**Required work**
Once the line containing "architecte-lyo" is found in the material below, it and every line after it should be transcribed exactly, with pictures left out and nothing added.

(Raw data Opens)

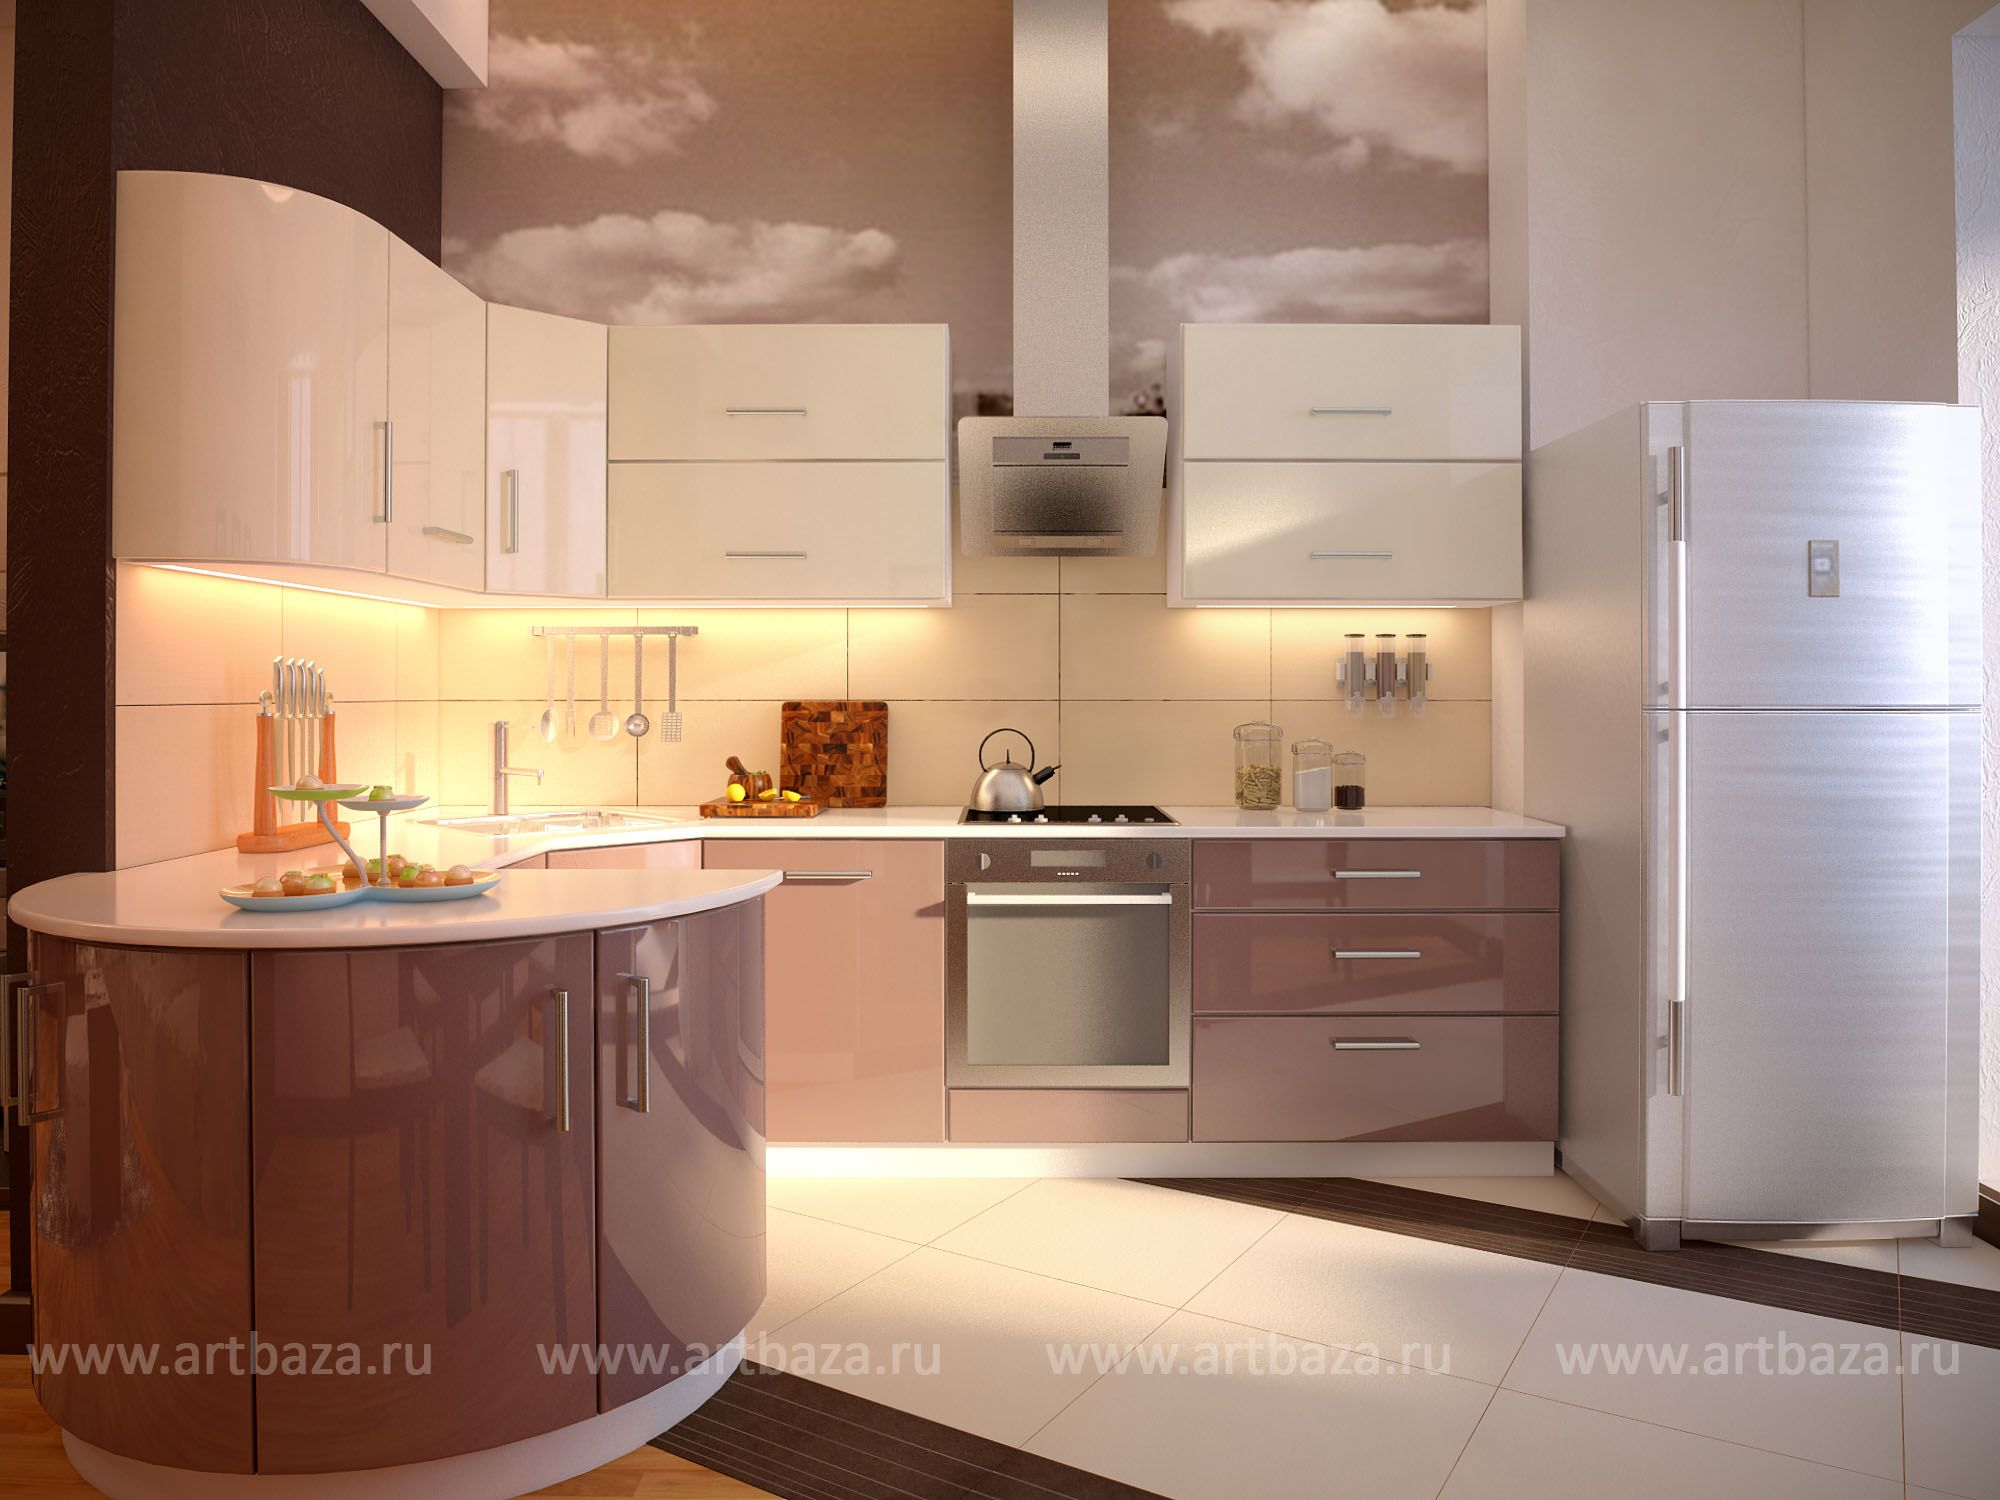 Dizain kuhni ru google mekl ana ideas for the house for Dizain home
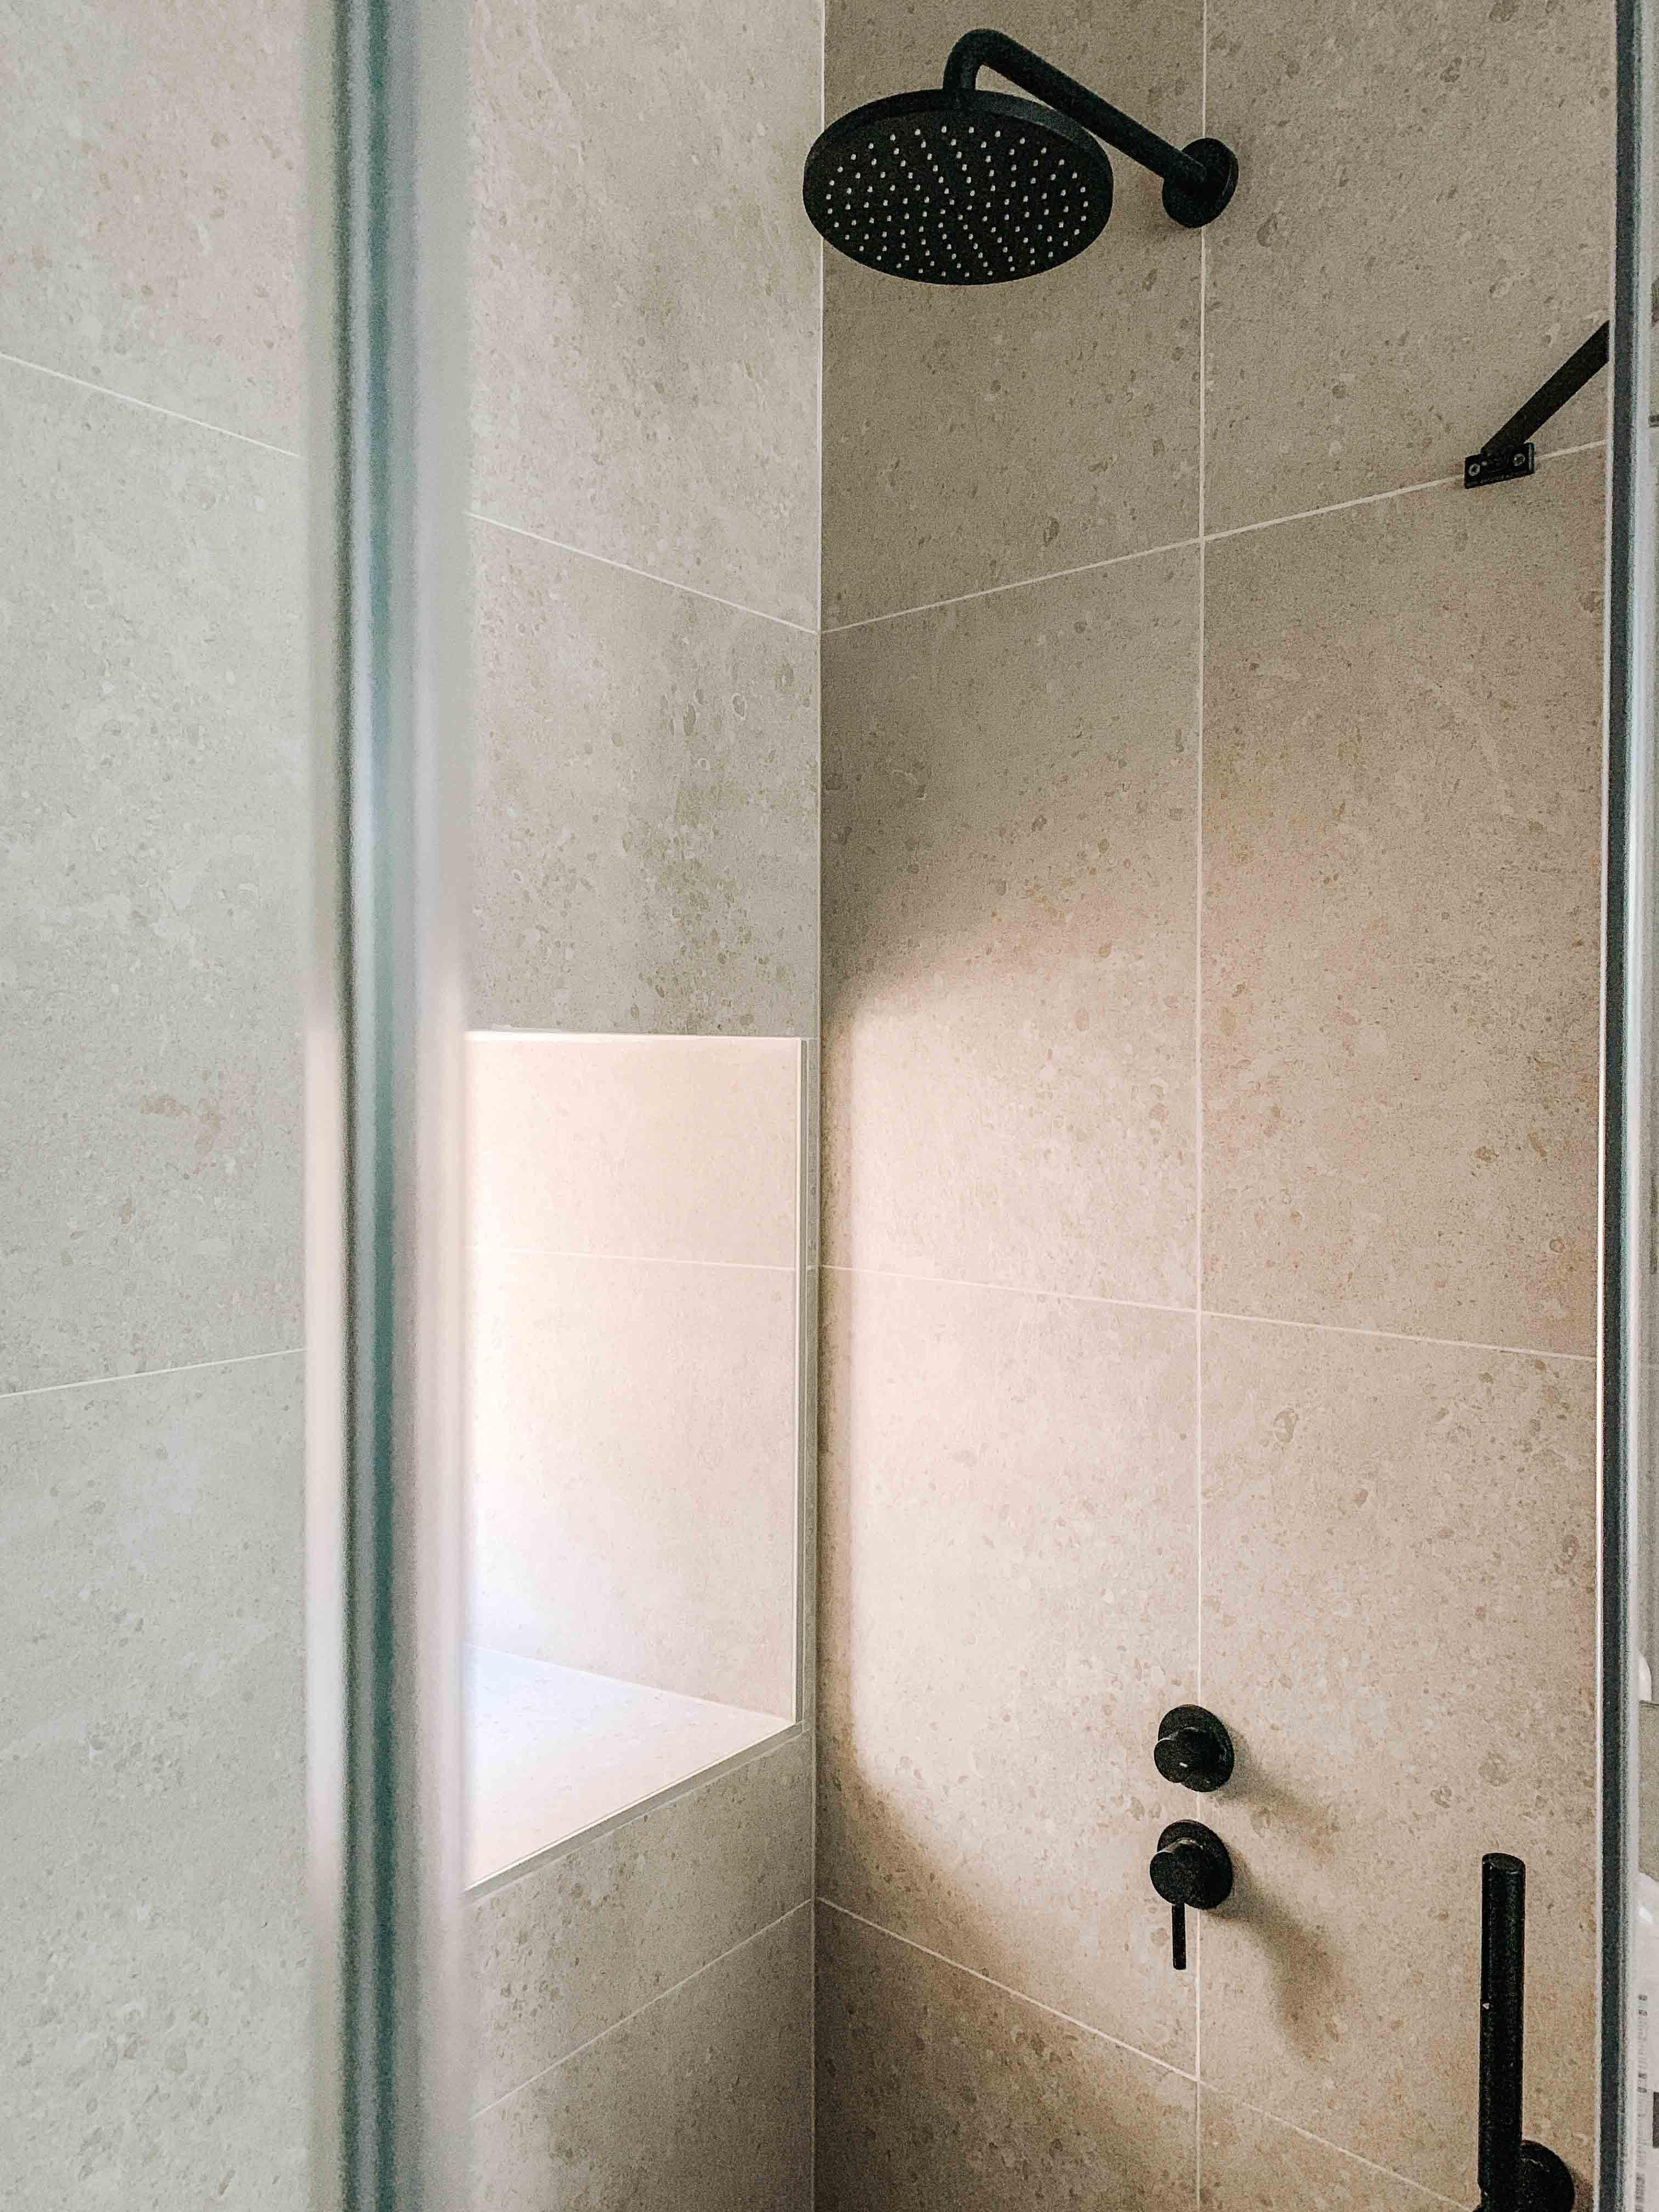 architecte-lyon-rénovation-presbytere-marcilly-azergues-pierre-dorée-4
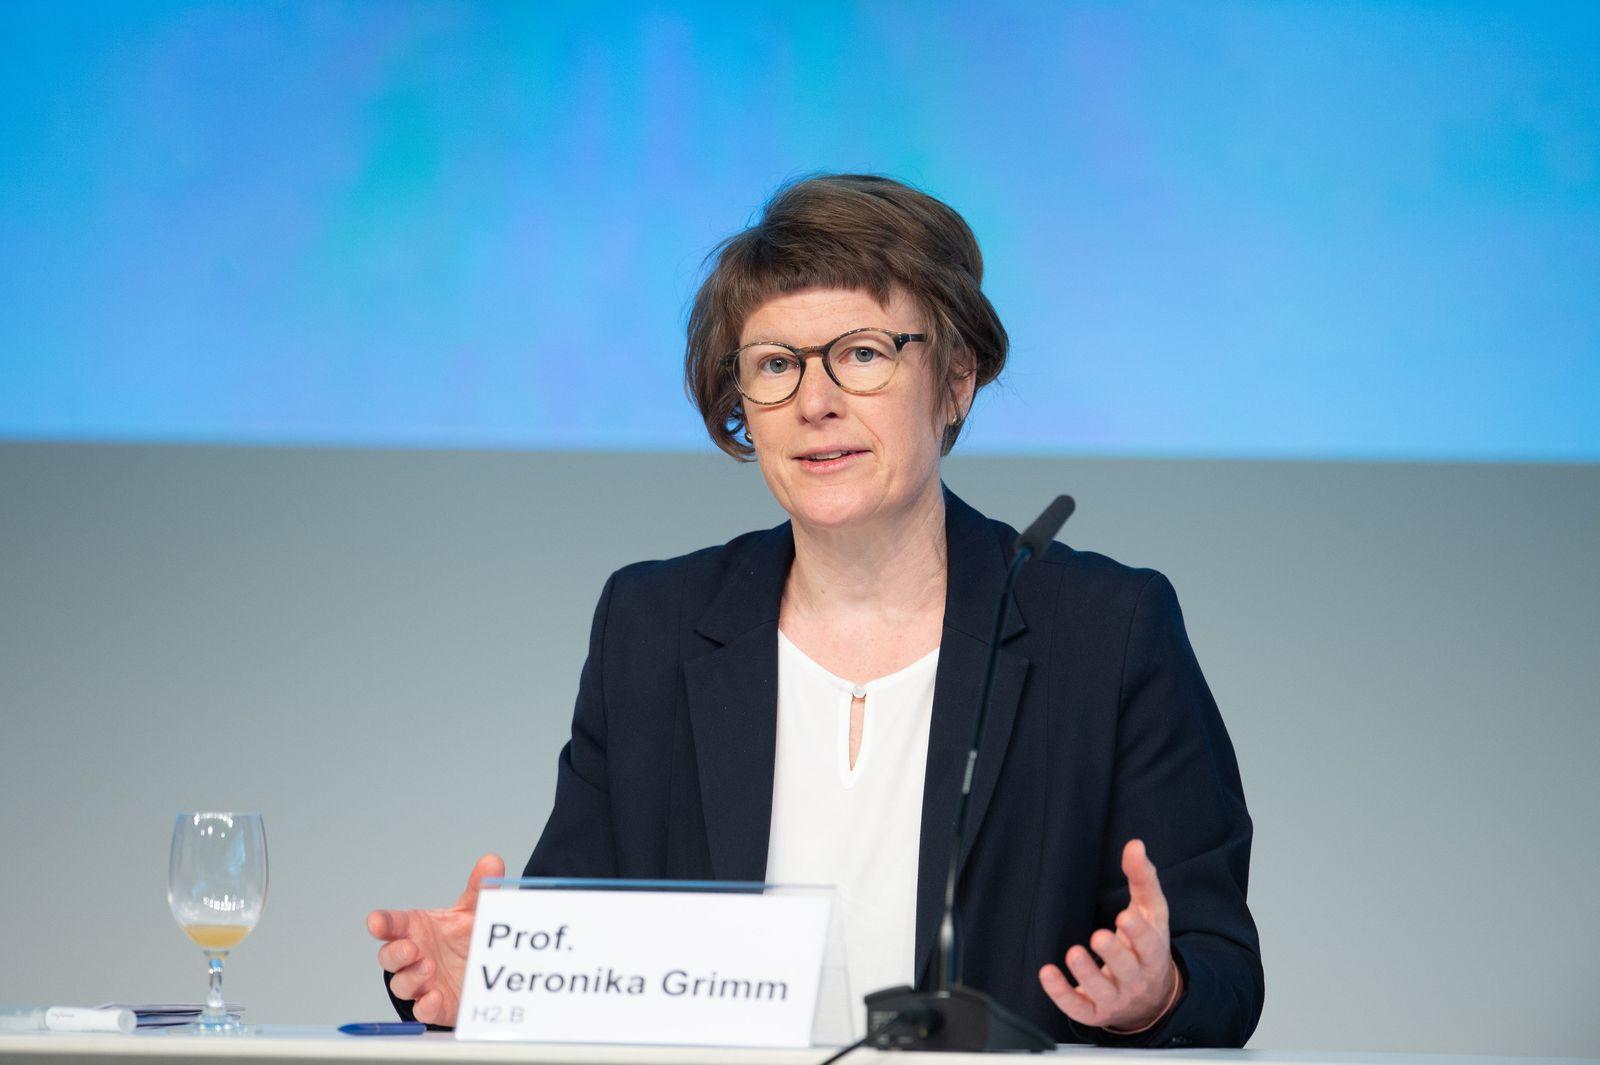 Veronika Grimm

(Raw data Closes)

**Exercise result**
 architecte-lyon-rénovation-presbytere-marcilly-azergues-pierre-dorée-4
 Veronika Grimm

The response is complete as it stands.